[Spoils toujours de mise]
Deuxième roman que je lis de Jean Giono, et j'avais de quoi m'étonner.
Je m'attendais honnêtement à rencontrer des difficultés avec la prose de Giono puisque je n'avais pas tellement apprécié le style du seul autre ouvrage que j'avais pu lire de lui : Un roi sans divertissement. Néanmoins, le stylé de Giono tranche ici radicalement avec le reste de sa production littéraire : peu de grandes envolées poétiques, peu de descriptions des paysages provençaux : la substance se trouve dans l'analyse de la psychologie humaine.
C'est peu dire que j'ai apprécié ce roman.
Le Moulin de Pologne raconte, en substance, l'histoire d'une lignée maudite s'établissant dans un petite bourgade mesquine de province. Il s'agit d'un roman assez énigmatique, pour ne pas dire obscur en dépit de sa faible longueur et de son apparente accessibilité. Si le roman est bien entendu une méditation sur le destin humain, il est également une analyse acerbe de la petite bourgeoisie de province, à travers le regard d'un narrateur tout à fait médiocre, presque comme si l'environnement de la diégèse et le conteur étaient bien trop petits, au sens le plus bassement moral, pour rendre compte de la tragédie grecque qui se jouait devant leurs yeux.
Le narrateur est un personnage à part entière du Moulin de Pologne : il est une voix, celle d'une classe de médiocres égoistes et de parvenus. Ce narrateur très particulier me fait penser à deux autres exemples connus : celui des Carnets du Sous-Sol de Dostoievski pour le malaise qu'il instaure, et celui du Noeud de Vipères de Mauriac pour son caractère et son tempérament.
Cependant, il n'est pas aussi aigri que le narrateur de Dostoievski, et ne connaît pas la spectaculaire rédemption du narrateur de Mauriac. Ce qui le rend unique, c'est sa banalité : un narrateur orgueilleux, calculateur, égoiste, mais plus suiveur que méchant. Un type prudent et sans génie, qui n'est mû que par les petites améliorations de sa vie quotidienne et son instinct de conservation : une caricature de petit bourgeois conformiste et satisfait. En somme, ce qui le rend extraordinairement dérangeant, c'est que ce narrateur est parfaitement crédible. Vous y retrouverez peut-être un collègue de bureau, un membre de votre famille... c'est un monsieur tout-le-monde. Mesquin, mais non sadique. Calculateur, mais pas assez intelligent. Conservateur, mais sans zèle particulier si le changement peut lui apporter un bénéfice. En bref, la médiocrité incarnée. Un personnage qui inspire souvent le rire malgré lui, mais un rire doux-amer
Le destin qui poursuit les Coste, s'il est cruel et implacable, est parfois aussi ridicule, et le grotesque fait souvent irruption au sein du tragique, comme pour le tempérer. La fin est d'ailleurs des plus terribles, non pas en raison du scénario de l'épilogue, mais de la manière dont il se clôt.
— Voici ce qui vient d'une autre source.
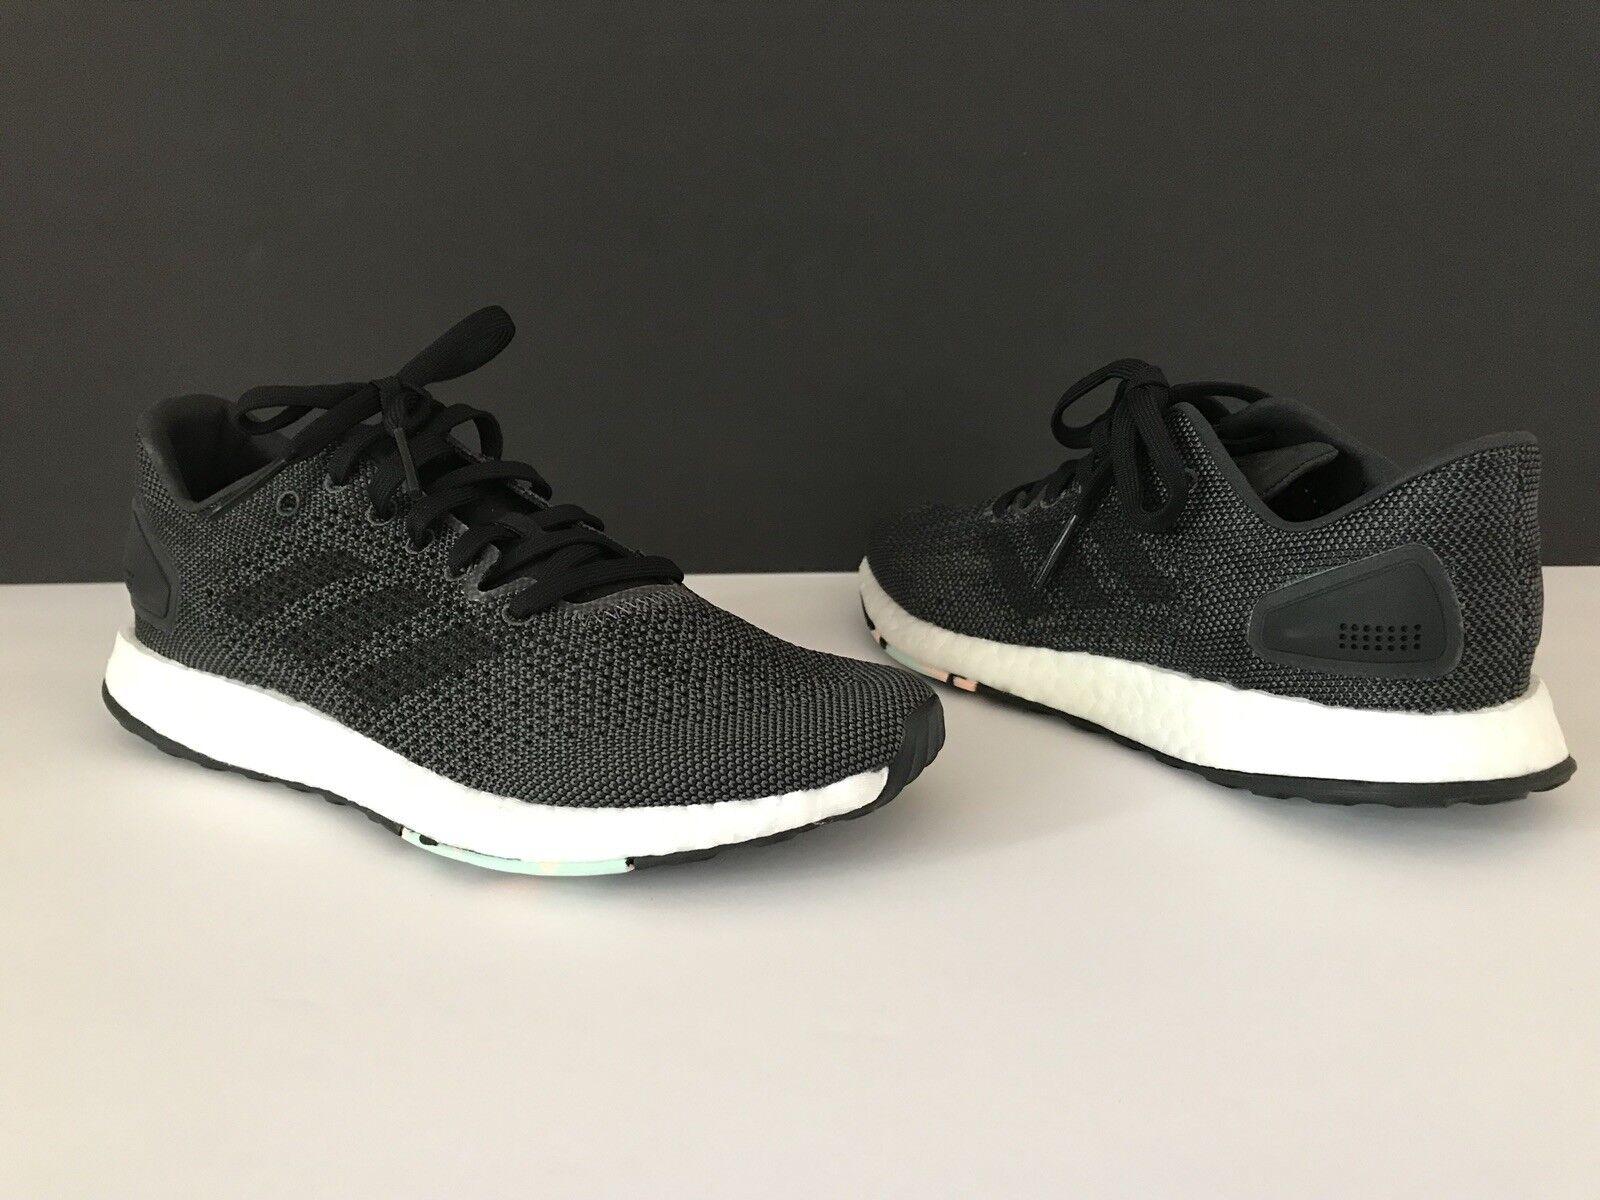 Adidas PureBoost DPR DPR DPR springaning skor Storlek 7  val med lågt pris

Après avoir été témoin de la fin tragique de la dynastie des Coste et de la fuite désespérée de la veuve éperdue à travers le brouillar, le narrateur rentre chez lui, complètement épuisé mentalement et physiquement. On s'attend à quelque chose : une explosion de ce narrateur mutique, un acte de désespoir de cette veuve digne d'Eschyle, une méditation muette de ce narrateur-spectateur.
Un choc. Peu importe d'où il vient. Mais voici les lignes finales du roman :
"J'eus, naturellement, une crise de rhumatismes qui me tint au lit pendant plus de trois semaines.Quand elle fut finie - porte fermée - je me remis à mes fleurs"
Il n'y a rien. Seulement le néant. Il n'y aura pas de scène finale : nul ne saura ce qui est advenu de la veuve, nul ne verra le narrateur évoluer. Tout se désagrége et se noie dans le brouillard de l'oubli. Seule la médiocrité a survécu au destin : la tragédie meurt tristement, sans gloire.
Envahie par la ténèbre du destin.
Un roman court, mais tout à fait hors du commun. Mon Giono préféré pour l'instant.